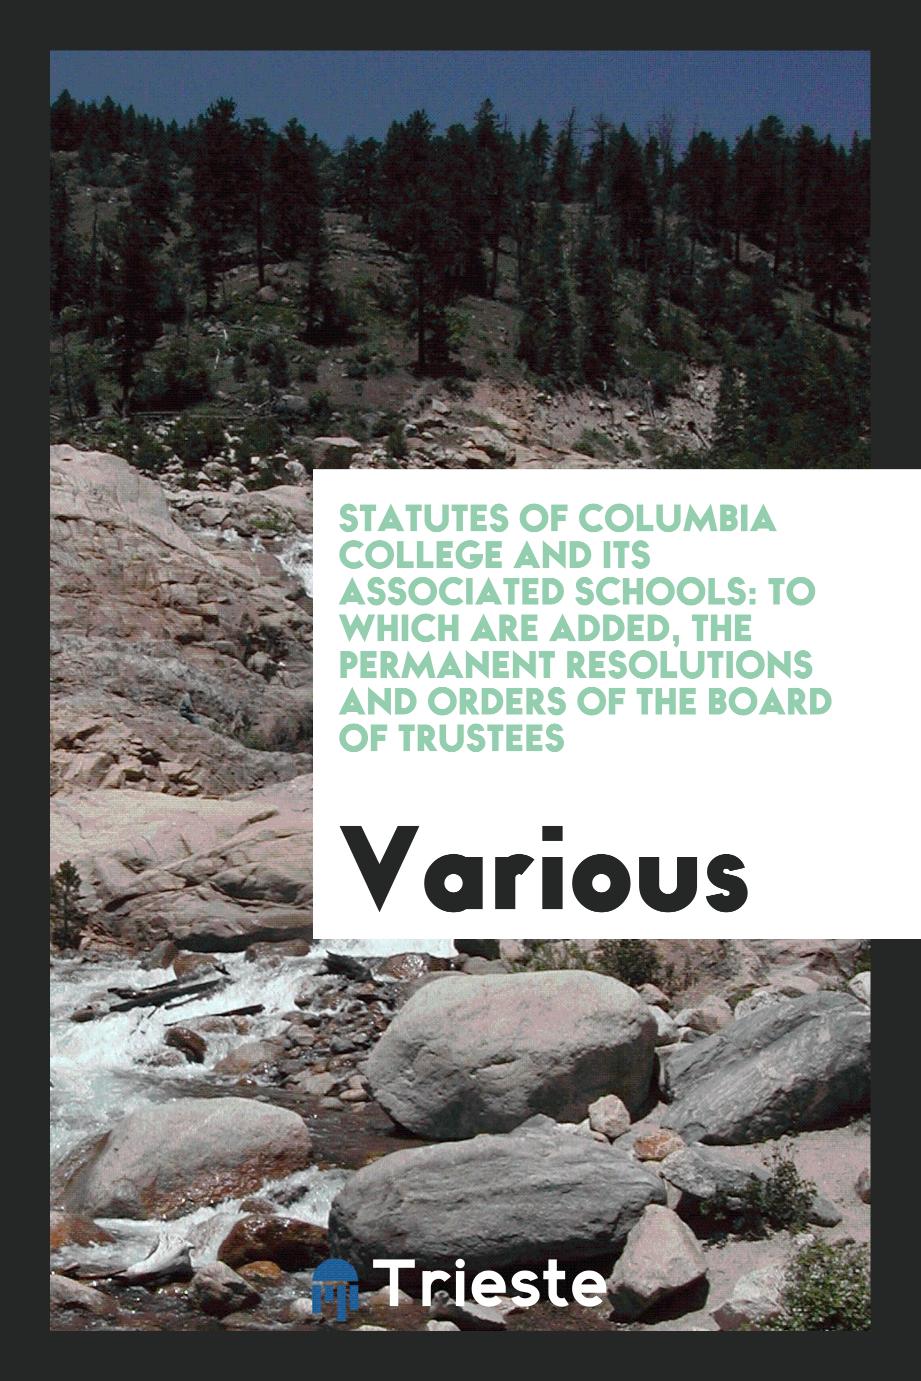 Statutes of Columbia College and Its Associated Schools: to which are added, The permanent resolutions and Orders of the board of trustees
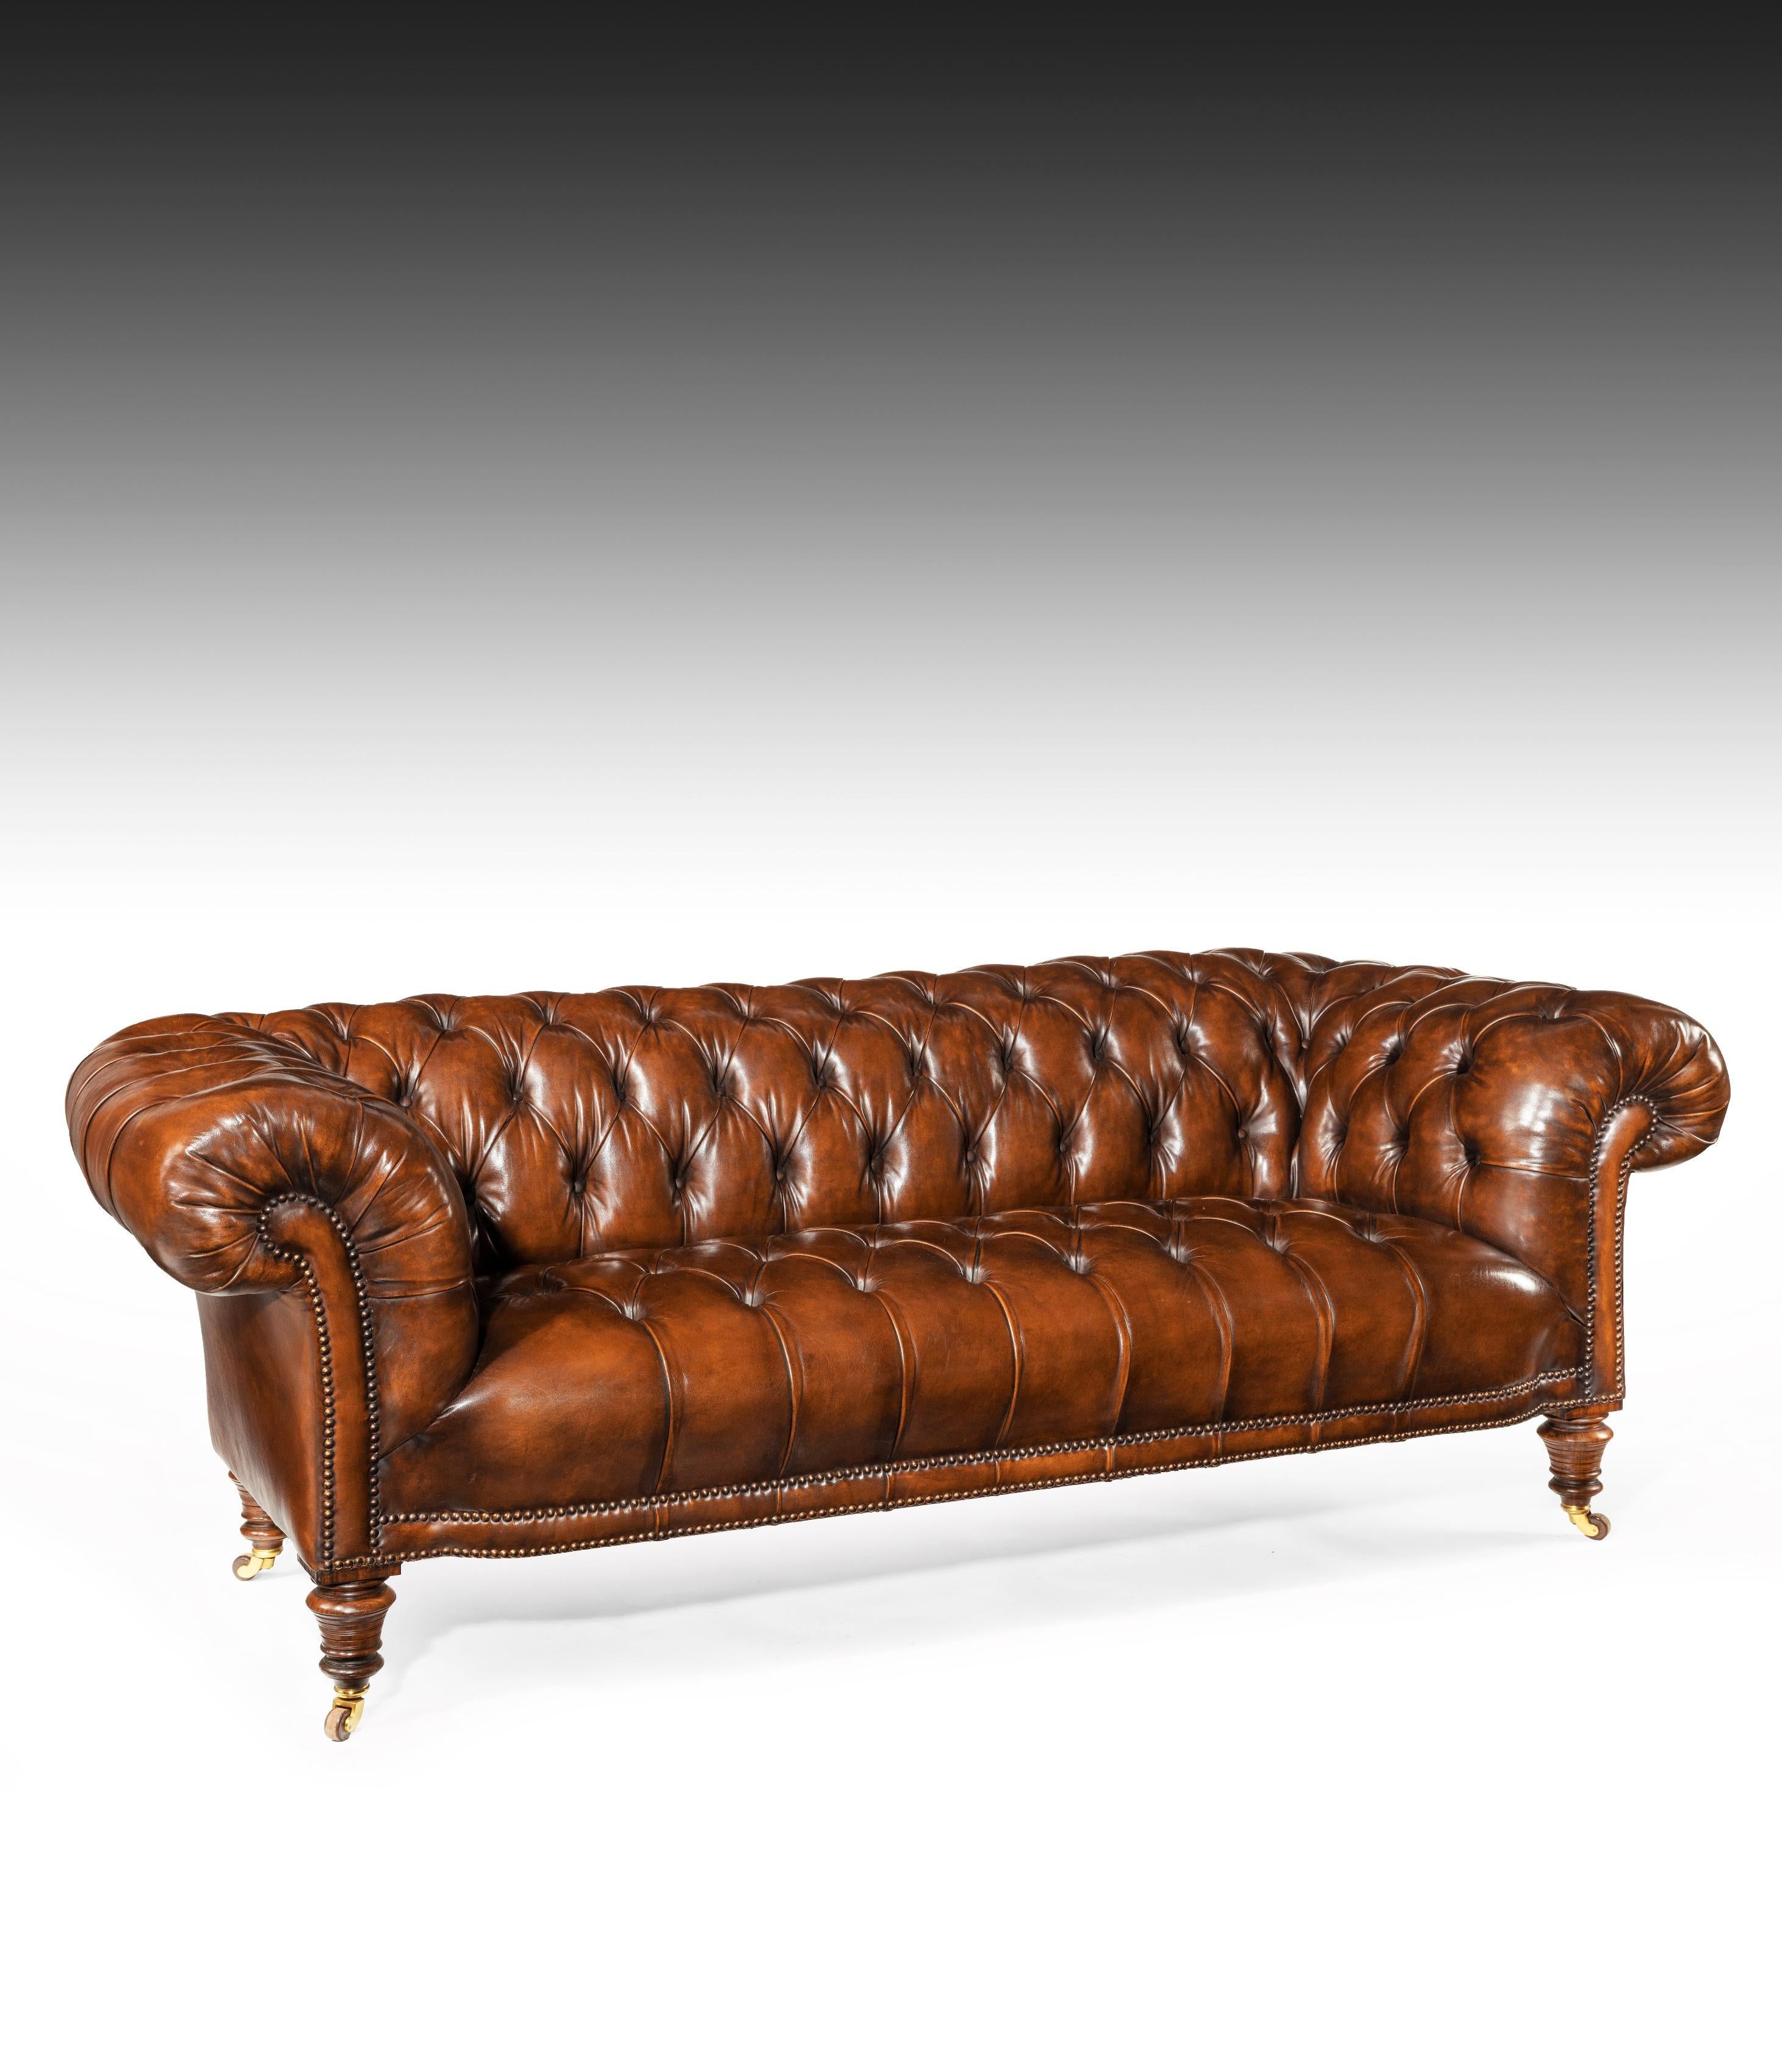 19th Century Gillows Figured Walnut Leather Chesterfield Sofa 5
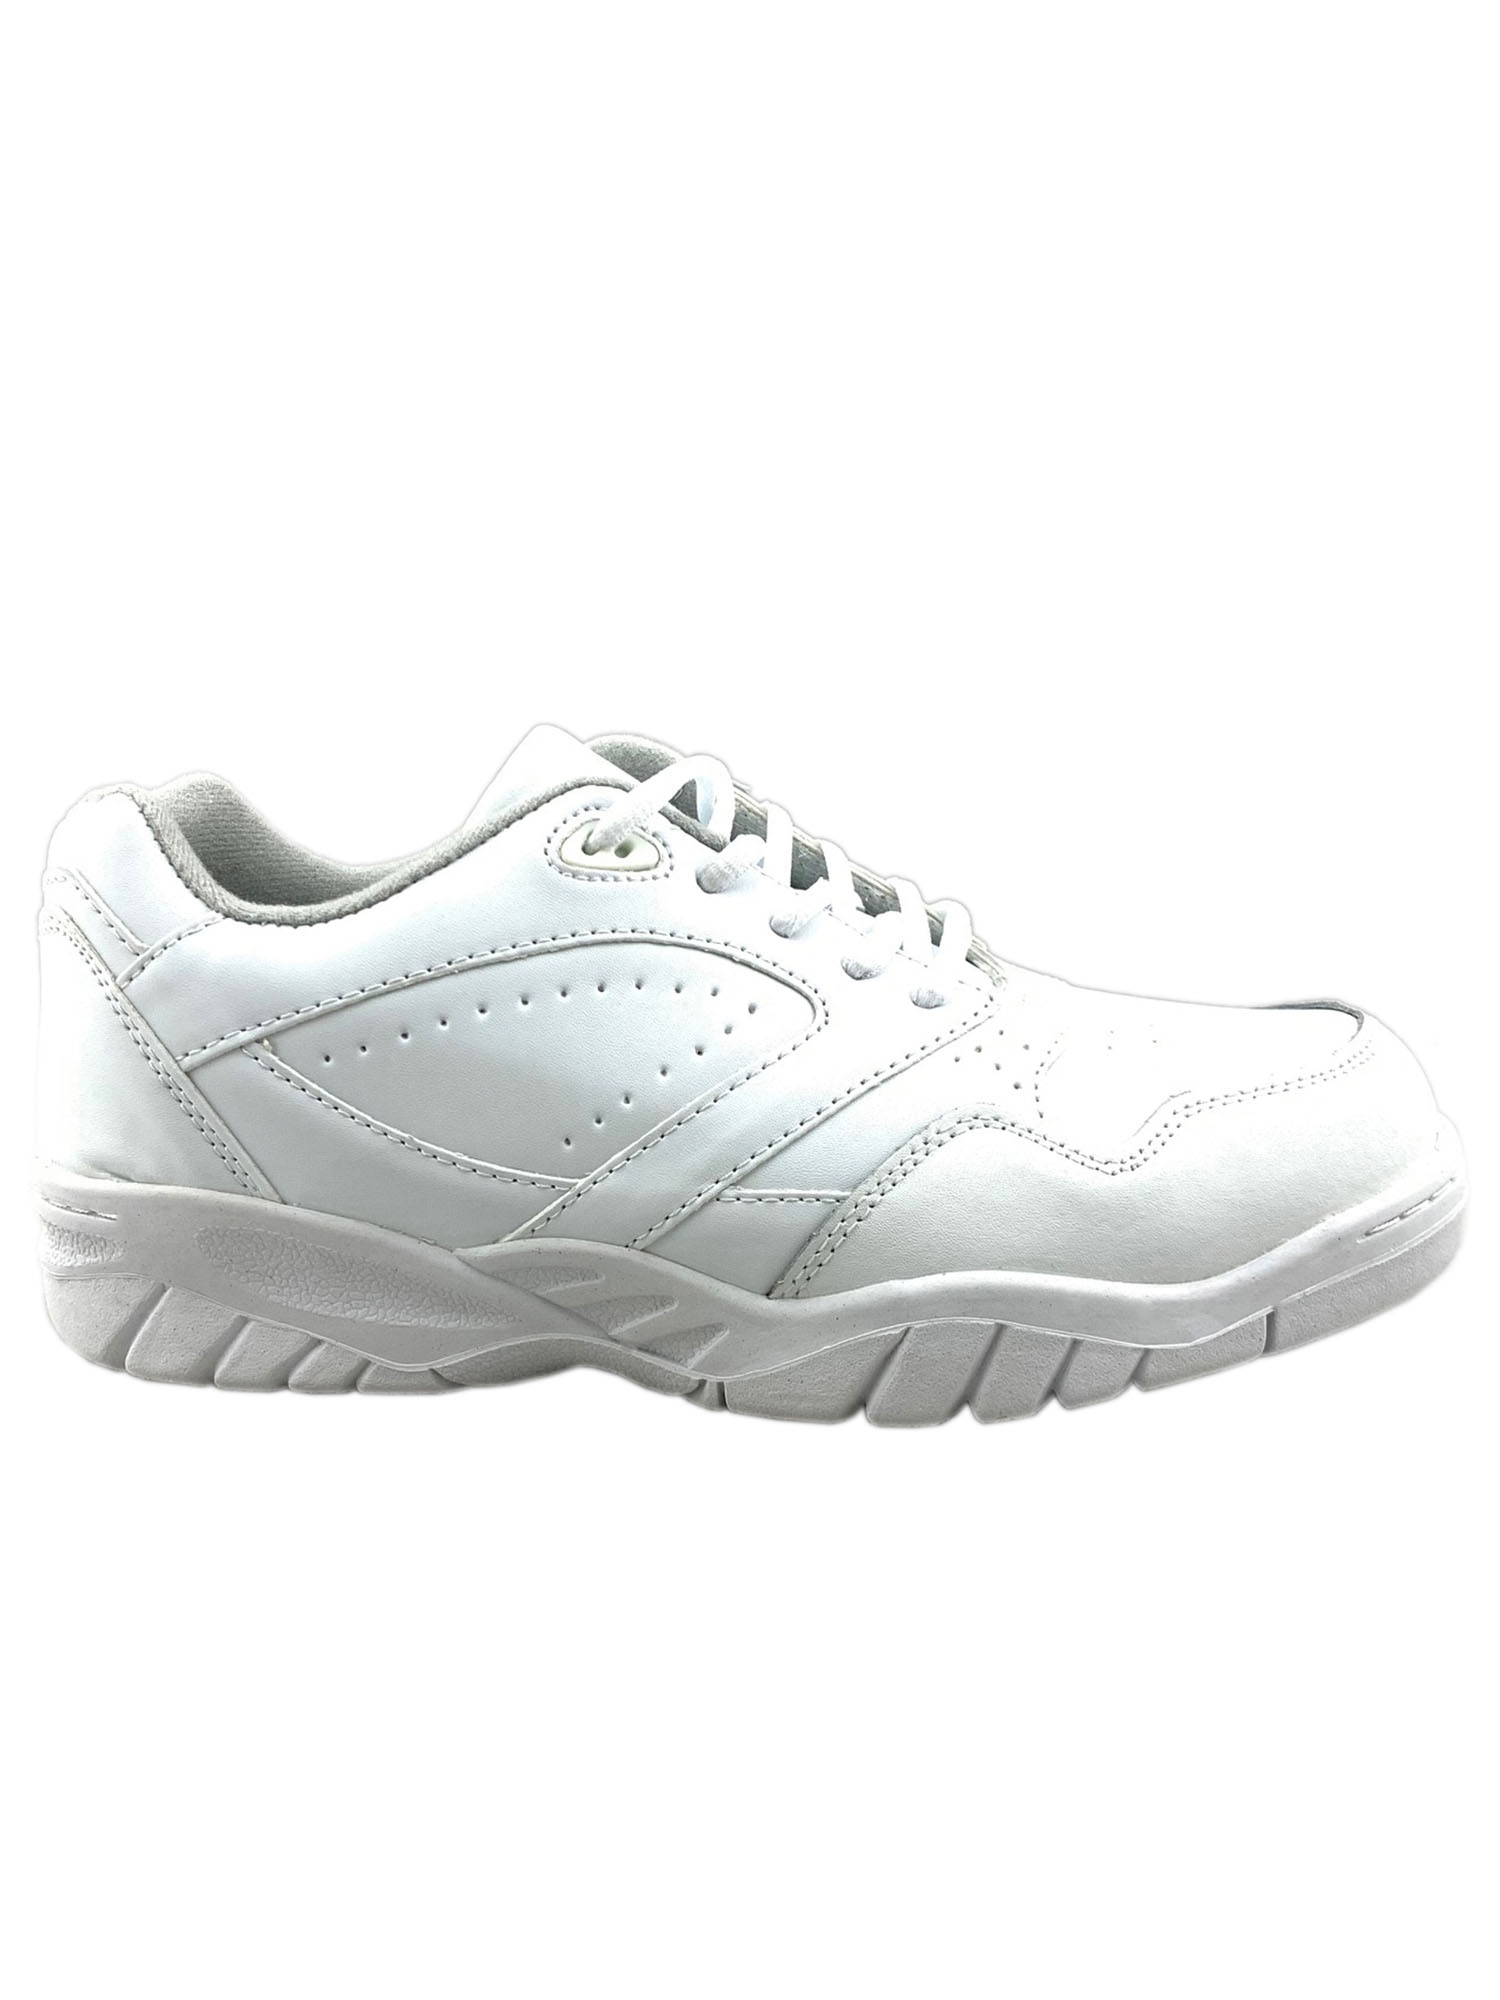 Tanleewa Men's Leather White Sports Shoes Lightweight Sneakers Breathable Casual Shoe Size 7.5 - image 1 of 5

_REQUIRED ACTION:_
All of the data above is to be repeated exactly, with the pictures left out.

_TASK RESPONSE:_
 Statutes of Columbia College and Its Associated Schools: to which are added, The permanent resolutions and Orders of the board of trustees
 19th Century Gillows Figured Walnut Leather Chesterfield Sofa 5
 Tanleewa Men's Leather White Sports Shoes Lightweight Sneakers Breathable Casual Shoe Size 7.5 - image 1 of 5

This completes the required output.